From 9c8fb9617ef46739b171b92159f82cac3e35157e Mon Sep 17 00:00:00 2001
From: Harsh <65716674+Harsh-br0@users.noreply.github.com>
Date: Sun, 5 Jan 2025 20:53:32 +0530
Subject: [PATCH] Refine readme
Thanks to @aarya626 for some key suggestions
---
README.md | 86 ++++++++++++++++++++++++++++++++++++++++++++++---------
1 file changed, 73 insertions(+), 13 deletions(-)
diff --git a/README.md b/README.md
index 39712c1..8f187d9 100644
--- a/README.md
+++ b/README.md
@@ -1,9 +1,56 @@
-### Setup
-- Install Dependencies with `pip install -r requirements.txt`.
-- Rename `config.env.sample` to `config.env` and fill the vars.
-- There's an unexpected issue with mongodb (check [this](https://www.mongodb.com/community/forums/t/error-connecting-to-search-index-management-service/270272)) that wouldn't let us create index programmatically, so we need to create a vector search index manually through atlas console. Follow [this guide](https://www.mongodb.com/docs/atlas/atlas-vector-search/vector-search-type/) to create the index for `vector_store` collection with this config below.
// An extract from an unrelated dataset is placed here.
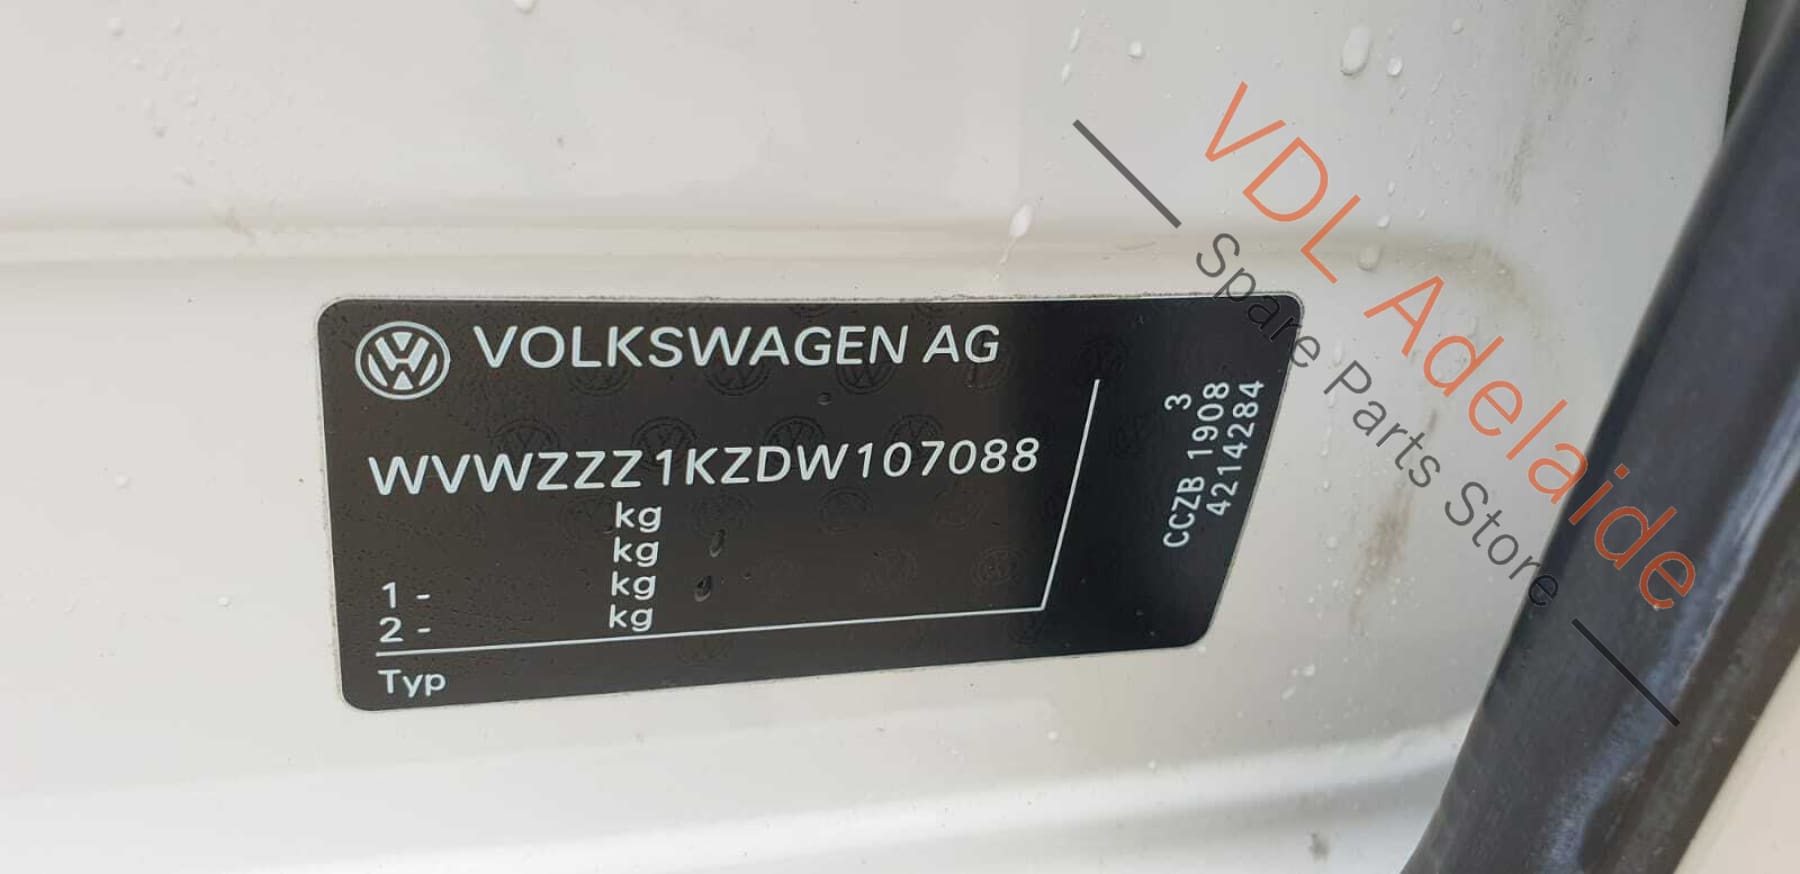 Volkswagen VW Golf GTi Mk6 Lambda Probe Exhaust O2 Sensor 06J906262K NOR4

+# Simple RAG Server Chatbot
+A sophisticated chatbot implementation using Retrieval-Augmented Generation (RAG) with FastAPI, MongoDB, and Hugging Face models. This chatbot can process multiple document types, maintain conversation history, and provide context-aware responses.
+
+## Features
+
+- **Document Processing**
+ - Support for multiple file uploads
+ - Automatic document type detection
+ - Chunked text processing with configurable size
+ - Vector embeddings for efficient retrieval
+
+- **Chat Capabilities**
+ - Context-aware conversations
+ - Session management
+ - History-aware retrieval system
+ - Concise, three-sentence maximum responses
+
+- **Technical Stack**
+ - FastAPI for the backend API
+ - MongoDB with vector search capabilities
+ - Hugging Face models for embeddings and chat
+ - LangChain for chain management
+
+## Models Used
+
+- **Embedding Model**: `sentence-transformers/all-mpnet-base-v2`
+ - Runs locally
+ - Used for generating document embeddings
+ - Downloads automatically to `models` directory
+
+- **LLM**: `TinyLlama/TinyLlama-1.1B-Chat-v1.0`
+ - Accessed through Hugging Face Hub Inference API
+ - Used for generating responses
+
+## Setup Instructions
+
+1. **Install Dependencies**
+ ```bash
+ pip install -r requirements.txt
```
+
+2. **Configuration**
+ - Rename `config.env.sample` to `config.env`
+ - Fill in the required environment variables
+
+3. **MongoDB Setup**
+ > There's an unexpected issue with mongodb (check [this](https://www.mongodb.com/community/forums/t/error-connecting-to-search-index-management-service/270272)) that wouldn't let us create index programmatically, so we need to create a vector search index manually through atlas console. Follow [this guide](https://www.mongodb.com/docs/atlas/atlas-vector-search/vector-search-type/) to create the index.
+
+ - Create a vector search index manually through the Atlas console
+ - Use the following configuration for the `vector_store` collection:
+
+ ```json
{
"type": "vector",
"path": "embedding",
@@ -12,18 +59,31 @@
}
```
-### Usage
-- Run `python ./main.py`
-- Head over to `http://localhost:8080/docs`
+## Usage
+
+- Start the Server
+
+```bash
+python ./main.py
+```
+
+- Access the API by navigating to [http://localhost:8080/docs](http://localhost:8080/docs) for Swagger documentation
+
+## Configuration
-### Models Used
-- `sentence-transformers/all-mpnet-base-v2`
+Key configurations in `defaults.py`:
- It is used for embedding vectors and this will run locally. Initially it will download the model into `models` directory.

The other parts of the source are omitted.